The microbubble activation and expansion protocol is significant because it addresses a major unmet need in cell therapy research and manufacturing, improving the persistence and efficacy of T-cell therapies. Akadeum's buoyancy-based positive selection, activation, and expansion technique limits overstimulation and subsequent T-cell exhaustion during activation and expansion workflows. To begin, incubate 3 times 10 to the 8th commercially obtained PBMCs in 2.5 milliliters of separation buffer, with biotinylated anti-CD3 antibody.
Gently mix the components by pipetting, and incubate them at room temperature for 10 minutes. Add stripped avidin microbubbles to the cells at a ratio of 0.5 to 1, according to the manufacturer's instructions. And mix using a commercial end-over-end rotator at 20 RPM for 10 to 15 minutes at room temperature.
Centrifuge at 400g for five minutes at room temperature. After centrifugation, the positively selected cells will be at the top of the suspension with the stripped avidin microbubbles, and the remaining non-selected cells will be in the cell pellet at the bottom of the tube. Using a nine-inch glass pipette, insert the tip below the bubble cell layer to the bottom of the tube.
Aspirate the cell pellet and subnatant with an electronic pipette, and transfer them to a new tube. Resuspend the bubble cell layer left in the original tube in one milliliter of complete T-cell medium. Centrifuge the subnatant at 400g for five minutes at room temperature, and use it for indirect measurement of purity and recovery.
After centrifugation of the subnatant and unselected cells, aspirate the supernatant, and resuspend the pellet in one milliliter of media before counting. Using an automated cell counter, count the cells in the subnatant with bright field microscopy and determine the number of cells captured in the bubble cell layer, as described in the text manuscript. To create the conjugated anti-CD28 stripped avidin and microbubbles, add the biotinylated anti-CD28 antibody to the commercial micro bubbles, and mix using end-over-end rotation for a minimum of two hours.
Add the anti-CD28 conjugated strep avidin micro bubbles to the prepared bubble cell suspension at a ratio of 1.5 to 1. Mix the components using end-over-end rotation for 15 minutes. Then adjust the total volume to 2 million cells per milliliter with complete T-cell medium, or another desired medium according to the cell number obtained.
Distribute one milliliter of activated cells in a 24 well plate, and incubate in a humidified 5%carbon dioxide incubator at 37 degrees Celsius. After 24 hours, add IL-2 and soluble anti-CD3 to encourage further expansion, as calculated using the initial number of cells plated on day zero. Place the cell plate back into the humidified carbon dioxide incubator, and incubate overnight at 37 degrees Celsius.

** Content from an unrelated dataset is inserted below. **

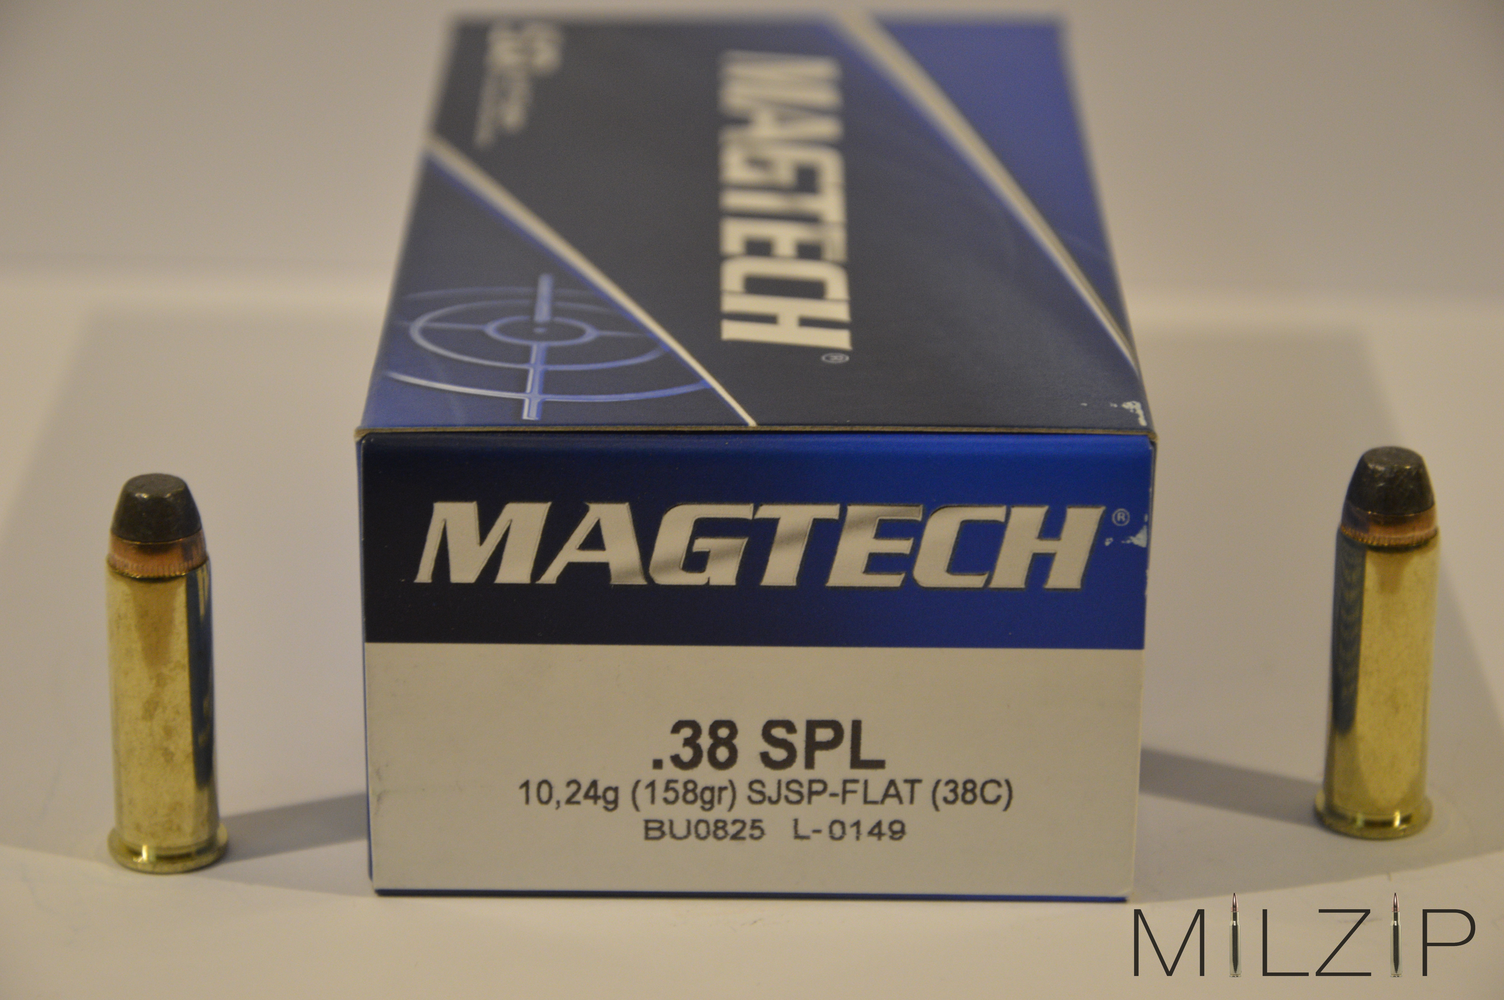 Magtech .38 SPL 10,2g/158grs SJSP

Remove half of the medium from the midnatant every two days. Replace it with fresh, complete T-cell medium, and add IL-2 at a concentration of 50 units per milliliter. Count the T-cells twice weekly to assess cell density.
When the cell density exceeds 2 times 10 to the 6th, or 2.5 times 10 to the 6th cells per milliliter, transfer them into a bigger vessel, diluting them to 5 times 10 to the 5th cells per milliliter. Gently mix the contents of each well by pipetting up and down. Remove the entire contents of the well, including the microbubbles, and transfer them into a 1.5 milliliter tube.
Wash each well with 400 microliters of calcium-free and magnesium-free DPBS, and transfer the solution into a 1.5 milliliter tube. Then centrifuge the tube at 400g for five minutes at room temperature. Aspirate the supernatant, and resuspend the cell pellet in 50 microliters of separation buffer.
Next, split 50 microliters of cell suspension into 25 microliters each for activation and exhaustion. Stain the cells with an activation and exhaustion antibody staining cocktail, and incubate them for 10 minutes at room temperature in the dark. Add one milliliter of separation buffer, mix gently, and centrifuge to wash out excess antibodies.
Aspirate the supernatant completely. Resuspend the cell pellet in one milliliter of separation buffer, and transfer it to an appropriate vessel for the flow cytometry analysis. Increases in viable T-cell numbers and transgene positive T-cells were observed between the control sample and the cells that received microbubble co-stimulation.
Increased effector cell populations were also observed in the micro bubble samples. The viable activated T-cells express increased early activation marker CD69, and middle to late activation marker CD25. The total number and percentage of exhaustion markers PD1 positive cells were also significantly higher in cell samples that received microbubble co-stimulation.
Proper mixing and dispensing of microbubbles is essential to ensure accurate dosing, as the microbubbles float to the surface rapidly without agitation. We fully expect it to do so by enabling rapid growth of a large population of T-cells with higher activity than those more exhausted T-cells frequently seen in other methods.